The first spacewalk—or EVA (extravehicular activity) in NASA’s preferred parlance—will mostly involve some basic electrical work, with Kelly and Lindgren running new cables along portions of the station’s length to provide power for docking ports that will be needed when new commercial crew and cargo vessels begin arriving in 2017. The astronauts will also install a thermal cover on a scientific instrument to protect it from the extreme temperatures of space, and will lubricate portions of the ISS’s robotic arm.

If that sounds like awfully unglamorous, awfully low-tech work, it’s because it is. Build the most sophisticated machine you want, it still comes down to the nuts-and-bolts business of, well, nuts and bolts.

But doing basic handyman work is radically different in space—and radically more dangerous too—and Kelly and Lindgren have been preparing for months for their orbital service call. Many of the basic protocols of any spacewalk are worked out far in advance of a mission, with practice sessions in NASA’s Neutral Buoyancy Lab (NBL), a 6.2 million-gal. (23.5 million liter) swimming pool with a full-scale mock-up of much of the ISS resting on its bottom.
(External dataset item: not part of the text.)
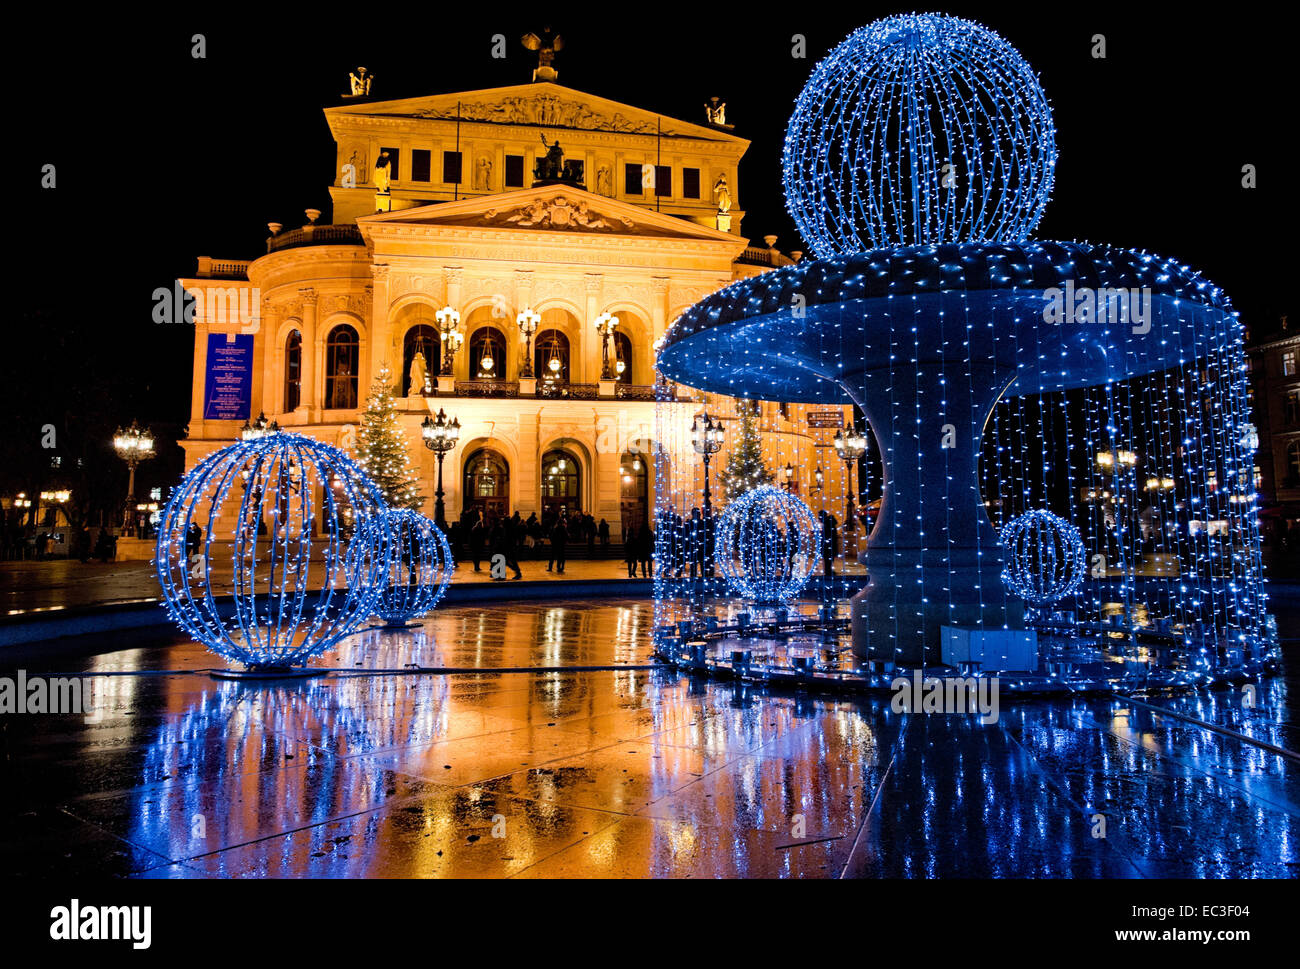 Weihnachtsbeleuchtung auf die alte Oper Alte Oper in Frankfurt/Main. Stockbild

But some of the details can’t be fully validated until the astronauts are already in space, which is especially true in the case of Kelly, who launched to the ISS last March 28 for a marathon one year in orbit.

Any significant changes to the EVA plan are often beamed up to the crew first as a simple PowerPoint-type animations. Other fine points are worked out in the NBL and radioed up later the most granular detail possible—the precise torque that has to be used to tighten a bolt and how many turns it will need before it’s secure, for example.
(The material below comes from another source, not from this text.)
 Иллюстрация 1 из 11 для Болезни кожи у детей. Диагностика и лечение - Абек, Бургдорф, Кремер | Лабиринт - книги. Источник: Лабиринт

Just which man does which job while they’re both outside is determined by experience, skill-set and a few other, non-negotiable considerations. Kelly, as the more senior of the two astronauts, will be lead spacewalker for the first EVA, which means he will be first out, last in, and generally command throughout the exercise. His suit will have the red striping used to indicate the commander. Nonetheless, for that walk, Lindgren will be assigned some of the more challenging work in some of the trickier areas of the station. Why?
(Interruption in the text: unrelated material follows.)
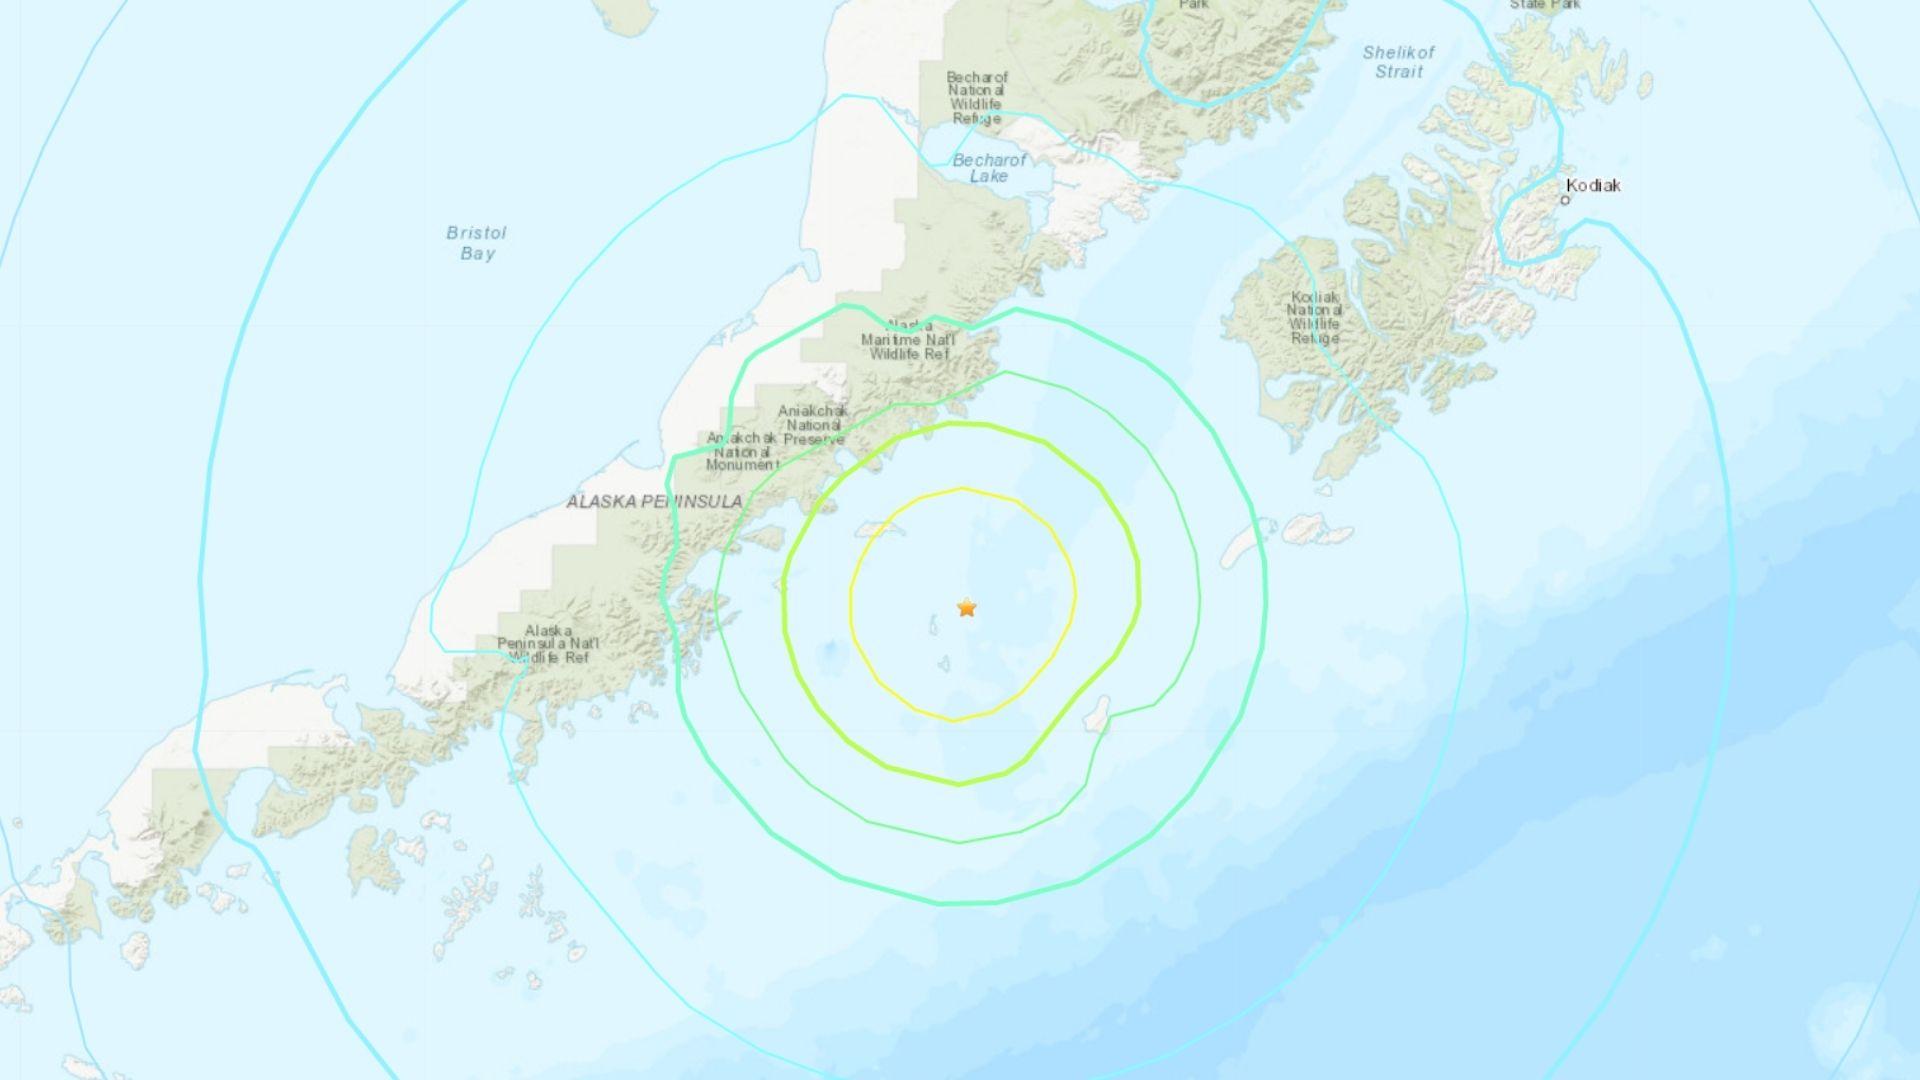 Magnitude 6.5 earthquake strikes off coast of Alaska

“He has longer arms,” says NASA’s Grant Slusser, who will be the ground director for the first EVA. “They’ll be working in a really tight area.”

WATCH TIME’S SPECIAL DOCUMENTARY SERIES ON THIS MISSION (trailer below)

The mere business of getting the EVA suits ready can be a days-long job. Cooling loops that run through the garments like a human circulatory system have to be flushed with water to remove any contaminants. And while each suit is precisely tailored to the astronaut who will wear it, what fits on Earth may not fit in space, for the simple reason that without gravity, the spine may elongate a bit. Last minute adjustments are thus necessary to prevent crimping and bunching.

It’s been more than half a century since cosmonaut Alexei Leonov became the first human being to walk in space, and in all that time the work hasn’t gotten appreciably easier or even much safer. But it hasn’t gotten less transcendent either.“You can hear your heart beat and you can hear yourself breathe,” Leonov told photographer Marco Grob last spring in a story for Time. “Nothing else can accurately represent what it sounds like when a human being is in the middle of this abyss.”

Kelly and Lindgren, new to that abyss, will experience it soon.